Some individuals are optimistic that the Senate will pass an appropriations bill without a similar provision, but Larracuente and other pro-marijuana advocates have concerns with Bower’s vision. Under the mayor’s bill, people convicted of felonies would be prohibited from obtaining licenses to grow, manufacture, distribute, or sell marijuana.

“People who were affected by prohibition should be first in line,” Larracuente says. Bowser’s bill limits the amount of weed a person can possess to 10 ounces. For Larracuente, who produces about a pound of weed per plant, and who, to manage his seizures, smokes more in a single day than some people smoke in a month, that rule seems overly restrictive.

Nikolas Schiller, the co-founder of DC Marijuana Justice, echoes Larracuente’s concern, and points out a few more. Under Bower’s bill, a cultivation license would cost $10,000 per year, which Schiller says is “geared toward people who are well capitalized.” (The annual fee for a liquor manufacturer license in D.C. is $2,000.) The bill also requires marijuana be stored in an “enclosed area or room equipped with locks” and eliminates D.C.’s so-called “gray market” where people gift marijuana with the purchase of another item.

A positive in the mayor’s bill, as Schiller sees it, is the requirement that 60 percent of the business’ owners and employees be District residents.

Representatives from Bowser’s office were unwilling to speak on the record about the bill and did not provide comment by press time.

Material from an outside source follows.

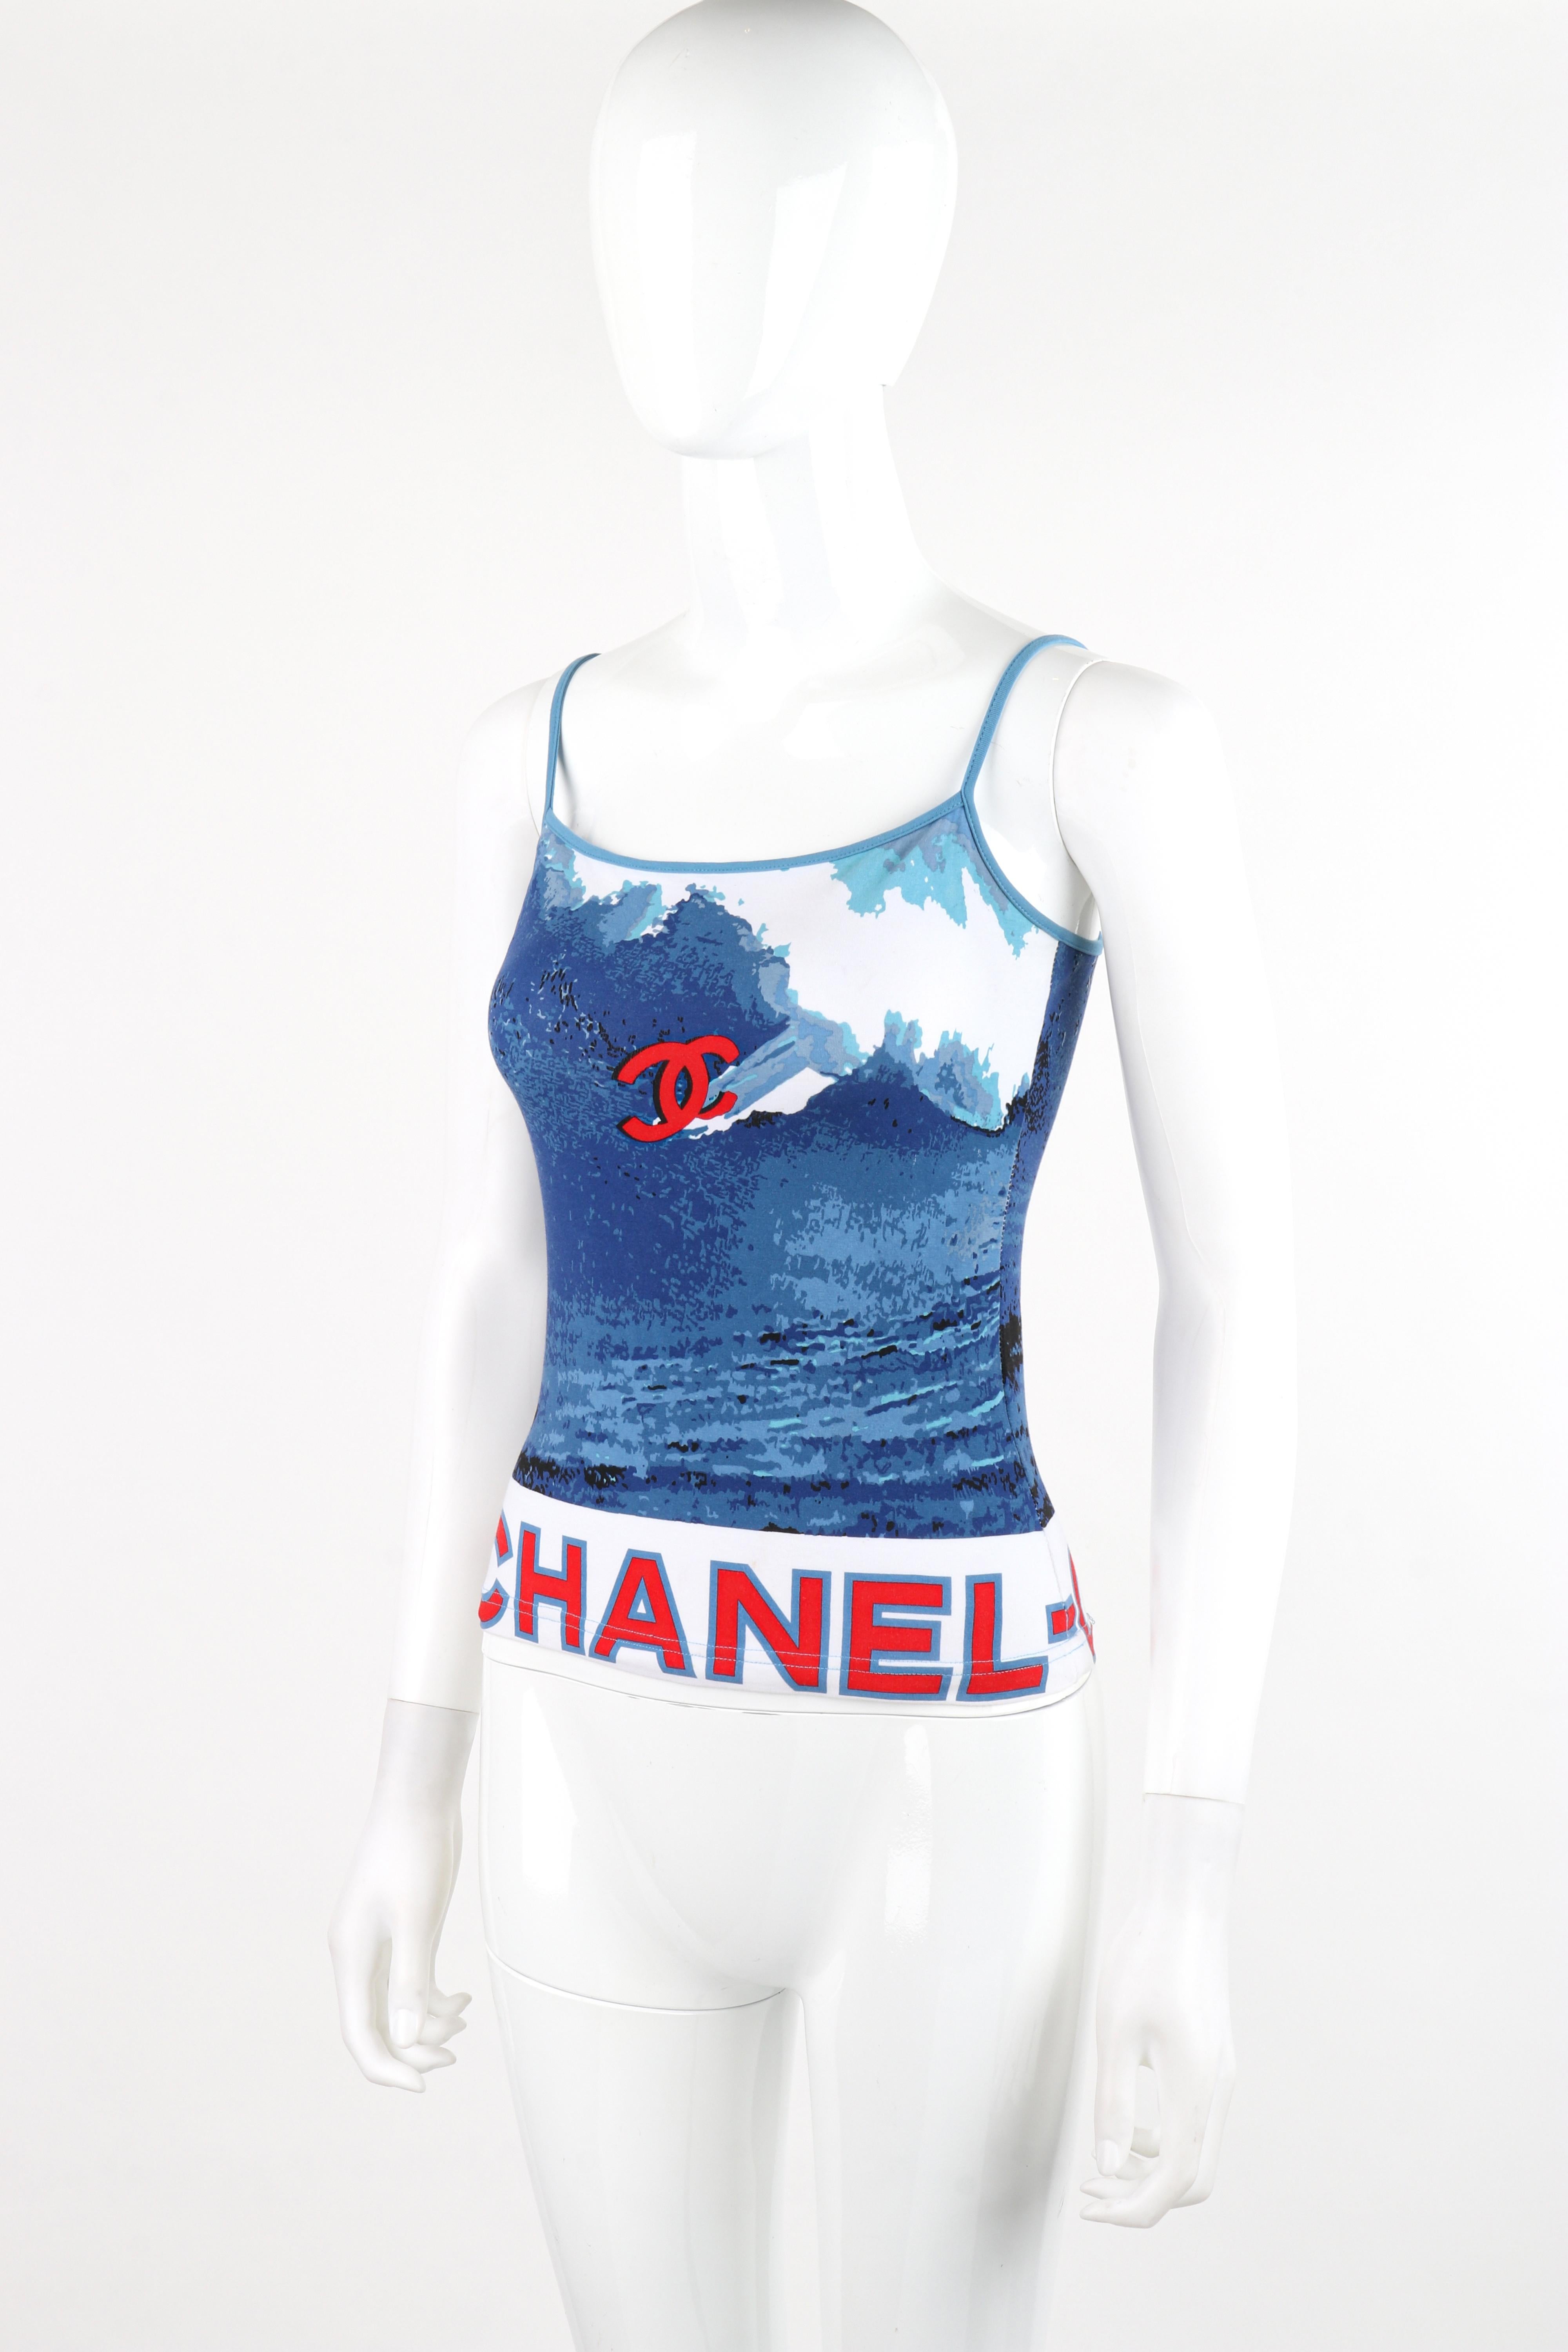 CHANEL 2002 Red White Blue CC Surf Wave Print Stretch Elastic Strap Tank Top For Sale 2

In January, At-Large Councilmember David Grosso introduced a tax-and-regulate bill that Schiller calls less prohibitive. Where Bowser’s bill requires automatic record-sealing for misdemeanor marijuana possession only, Grosso’s bill requires automatic expungement for all marijuana-related crimes.

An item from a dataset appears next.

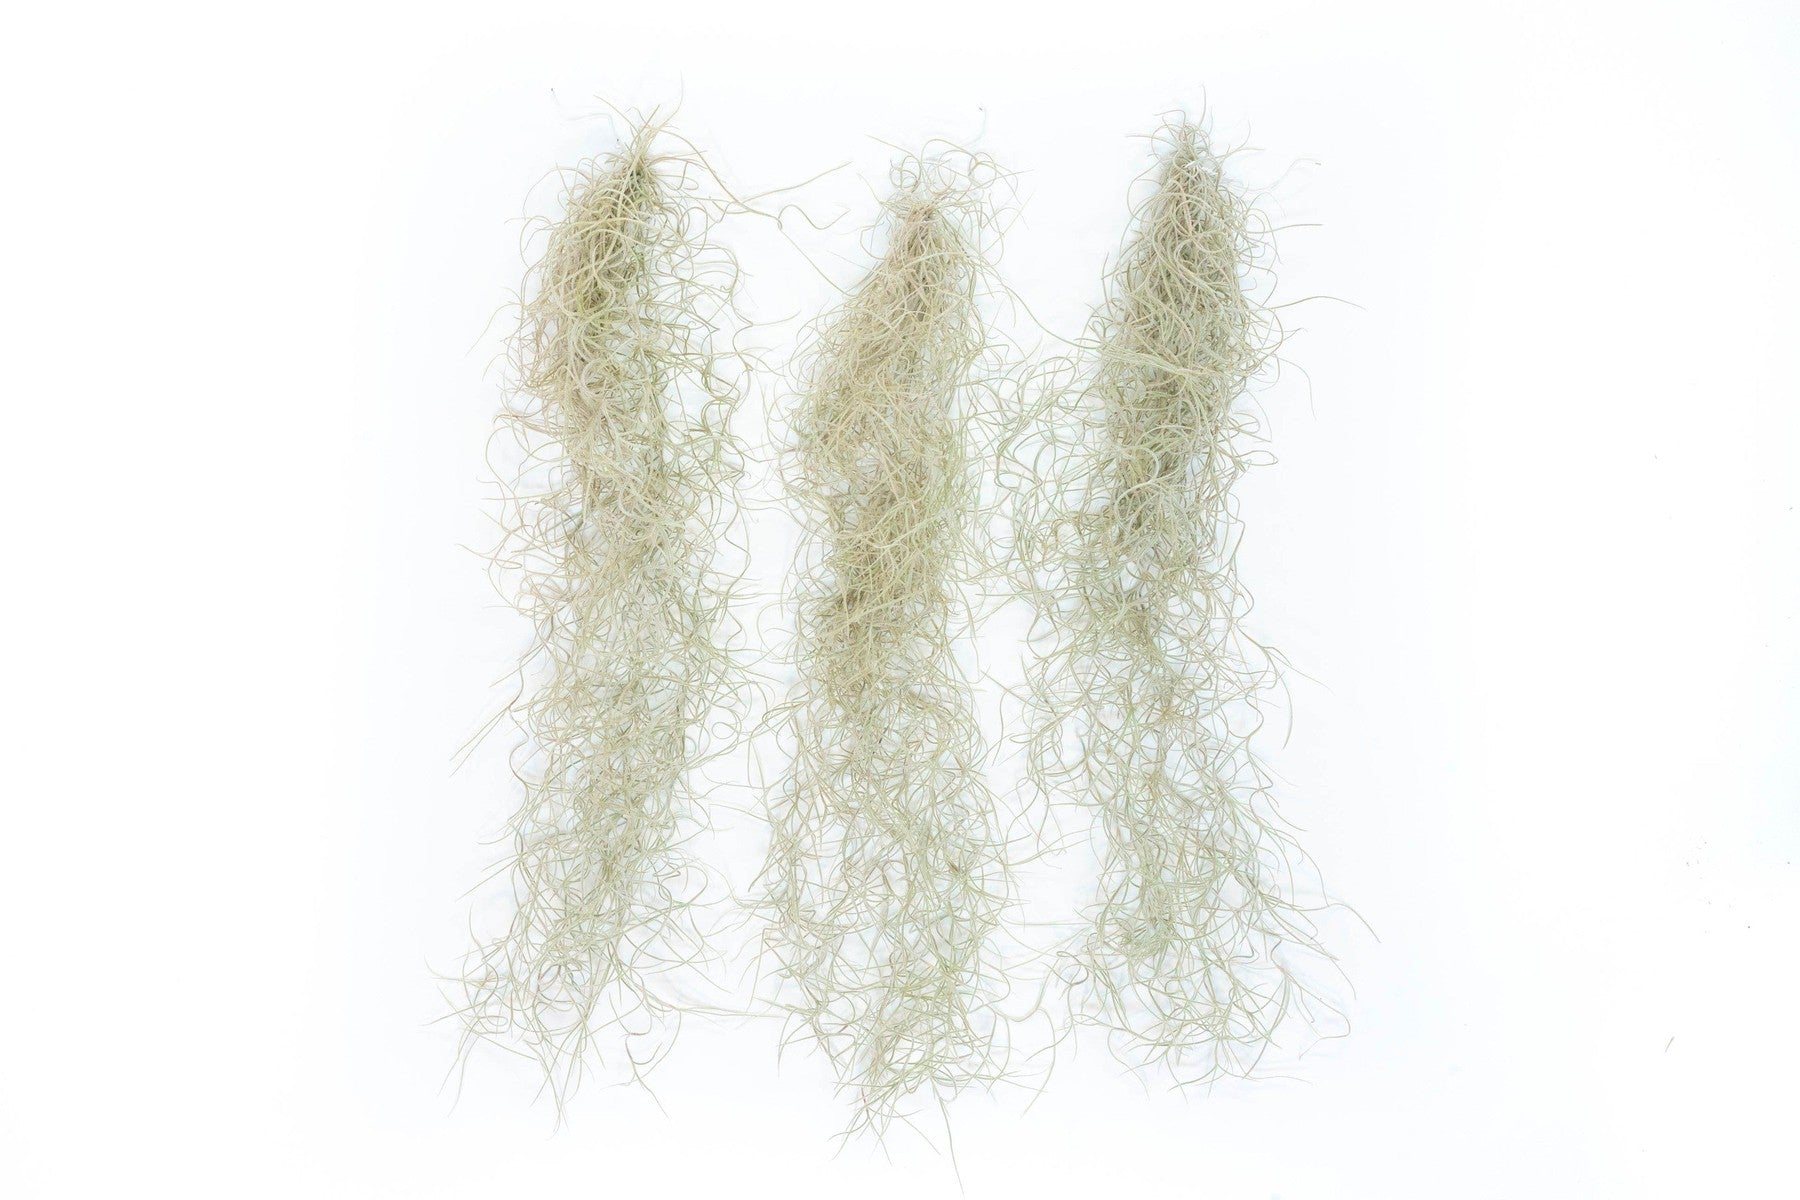 SALE - Tillandsia Guatemala Gray Spanish Moss - 1 Foot Clumps - Set of 3 or 6 Strands - 40% Off-airplant-The Succulent Source

Bowser’s bill taxes marijuana at 17 percent; Grosso proposes a rate of 10 percent.

“Ultimately it’s about holding a public hearing,” Schiller says.

***

The irony of publicizing his efforts to seal his criminal record is not lost on Larracuente. From his apartment in Northeast, surrounded by DJ equipment, a makeshift photo studio, and the distinct dank smell of his plants, he says he intends to continue his appeal to the Supreme Court.

He hopes that some attention will help his cause or push the Council to change the record-sealing statute.

In the meantime, he’ll keep tending to his plants (he and a roommate have 12 total, and he says he gifts what he doesn’t smoke) and working part time at a hydroponic store. He also dabbles in photo and video production and, along with a partner, consults for people looking to start their own home-grow operations.

“I don’t want to break the law and be a criminal and just sell weed,” Larracuente says. “I want to own my own business. I want to pay taxes. I want to have a family and do normal things. But I’ve been labeled on paper as a criminal. And on top of that I have to deal with the whole medical issue.”